The department got the 3-ton Humvee about three years ago through a federal program that provides local police departments and state agencies with military weapons and equipment no longer needed or used in the global war on terror.

A total of 1,549 weapons or other equipment — with an estimated value of about $3 million — has been distributed in North Dakota over the past decade by the U.S. Department of Defense’s Defense Logistics Agency. More than 8,500 items have gone to law enforcement agencies in Minnesota.

The equipment ranges from night vision goggles and gun silencers to mine-resistant ambush-protected armored vehicles, better known as MRAPs.

I’m not sure what the federal government’s thinking here. Arming violent gangs who are eight times more likely to kill you than terrorists is not an effective method to fight terror.
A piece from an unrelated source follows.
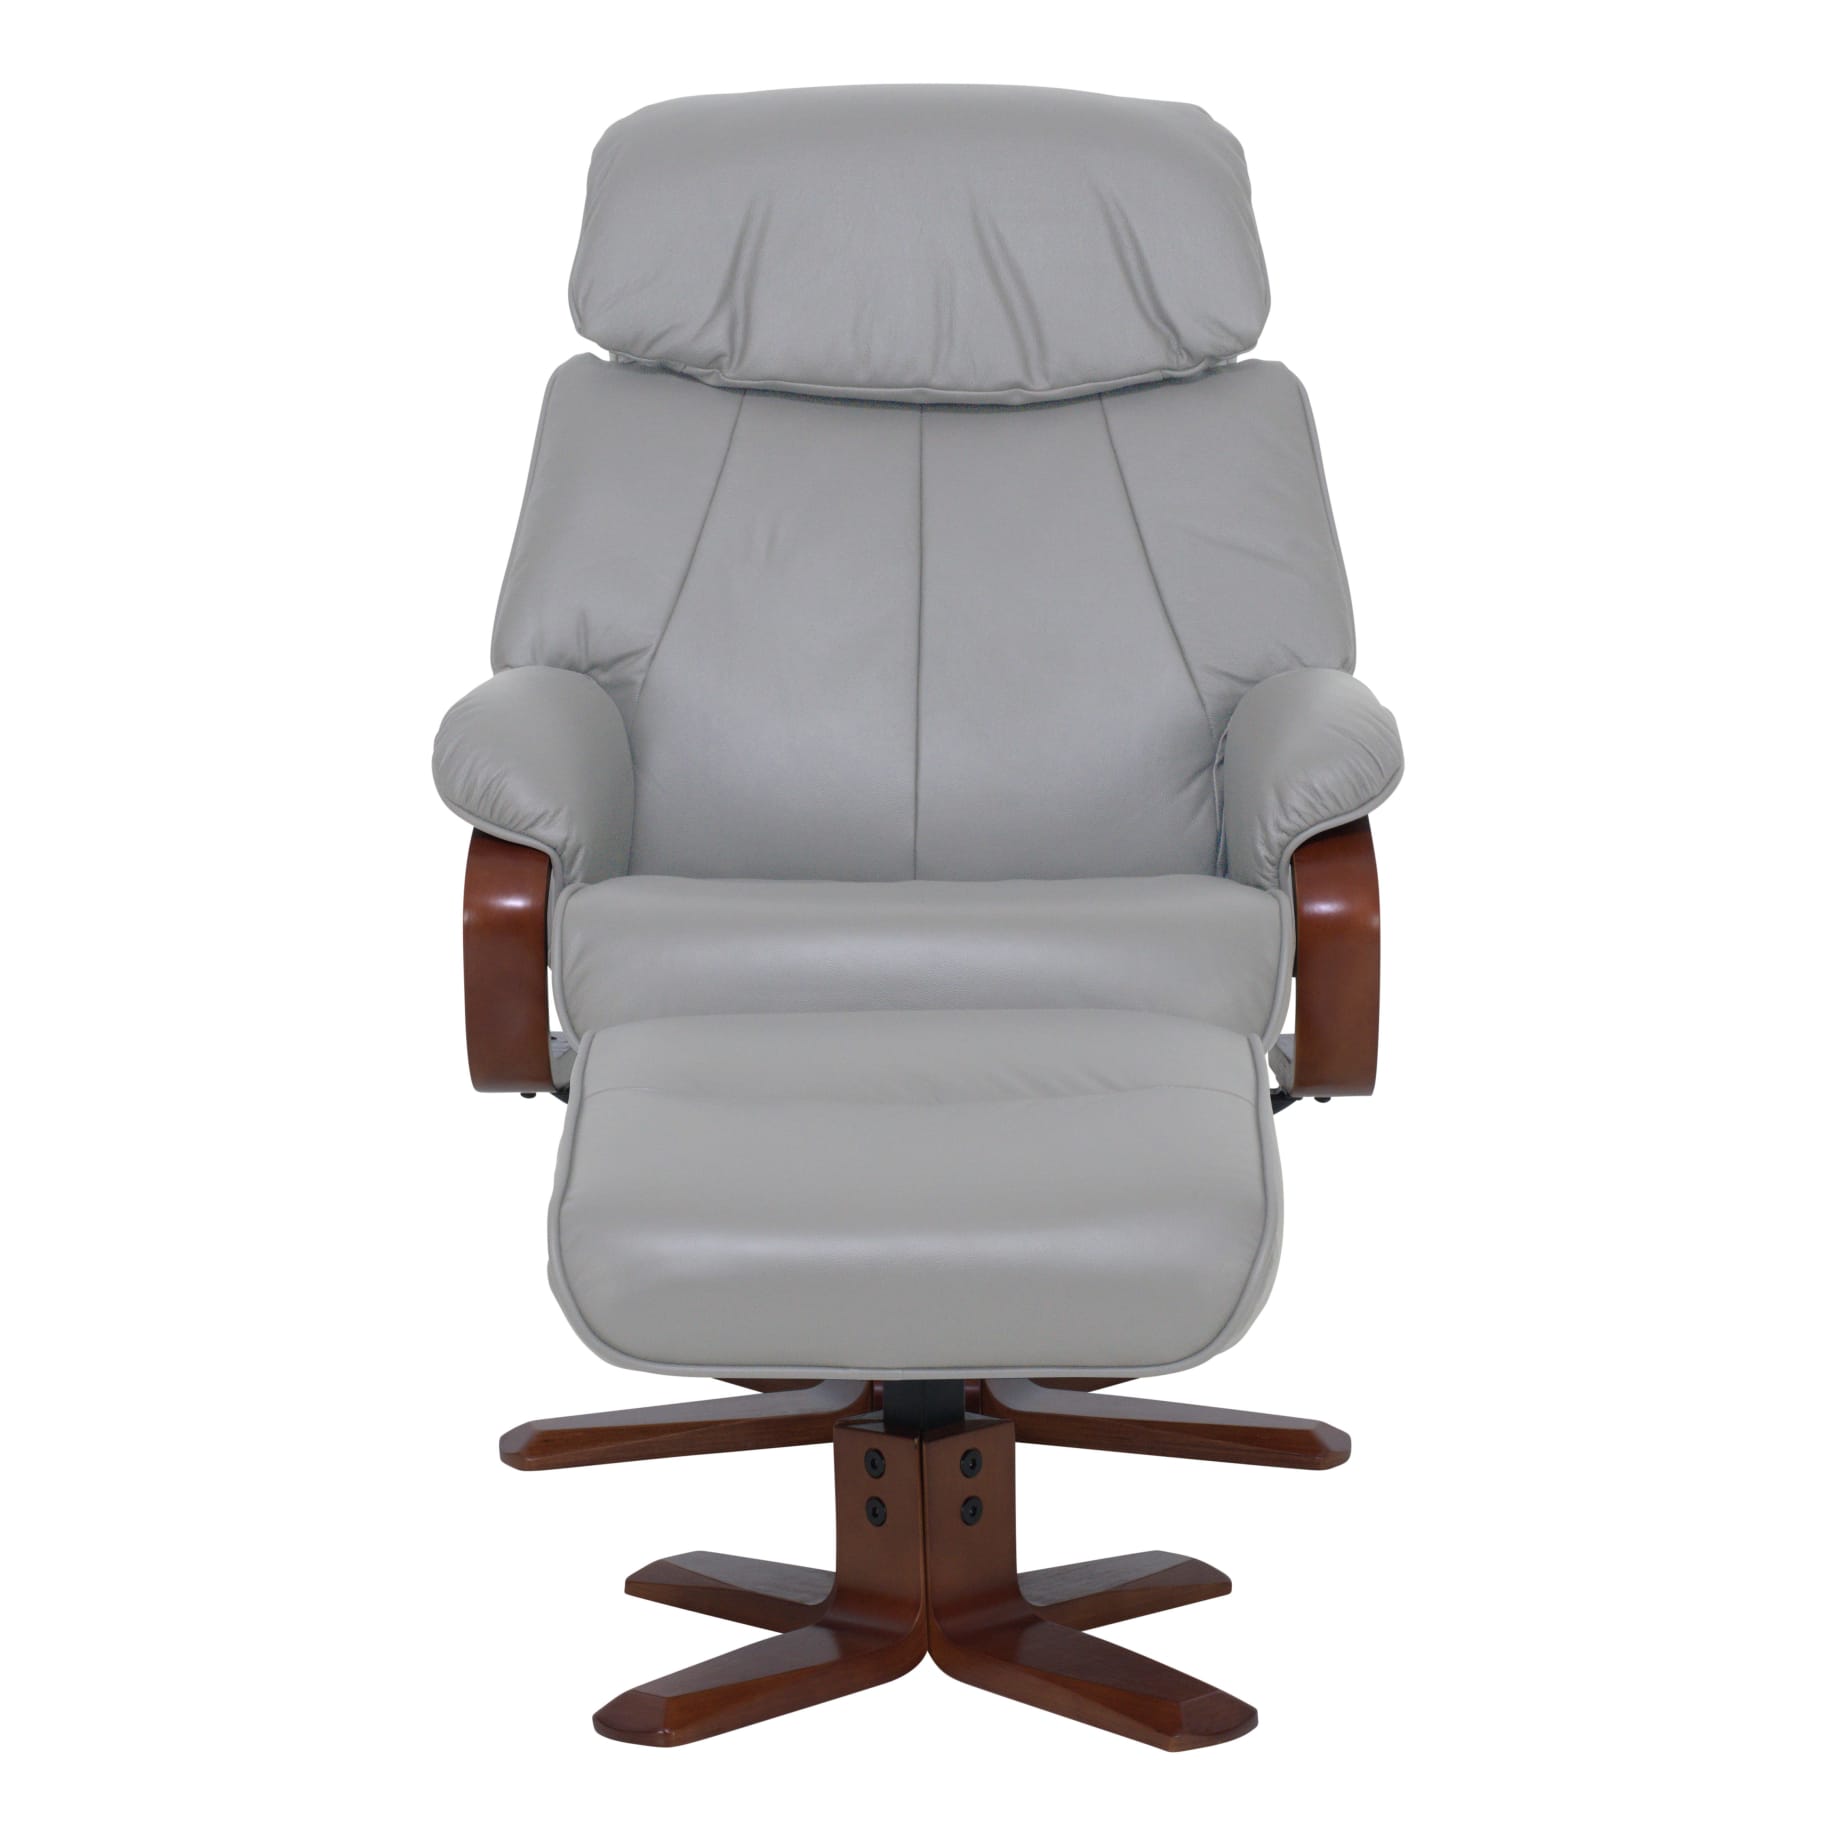 Turner Recliner + Ottoman in Grey/ Chocolate

It is however a good way of perpetuating terror. Having a bunch of thugs roll up to your house in a Humvee at two in the morning, kick in your door, shoot your dog, and kidnap you is certainly a terrorizing situation and one that happens far more frequently than attacks by foreign terrorists.

Also, as a side note, when the fuck will I legally be allowed to buy a suppressor in this forsaken state? If people with a history of performing violent acts can have them then why can’t nonviolent people like me have them?

The Government is Even Incompetent at Things It Used to Do Well

Governments are good at much but there are a few things they excel at. Killing people is one of those things. You only have to look at the number of people killed in democides to see how ruthlessly efficient government are at killing people. But the government seems to be slipping as it can’t even execute a man properly:

US death row inmate Joseph Wood has died after an execution in Arizona took nearly two hours to kill him.

[…]

The execution should have taken 10 minutes, his lawyers said, but Wood, 55, gasped more than 600 times before he died.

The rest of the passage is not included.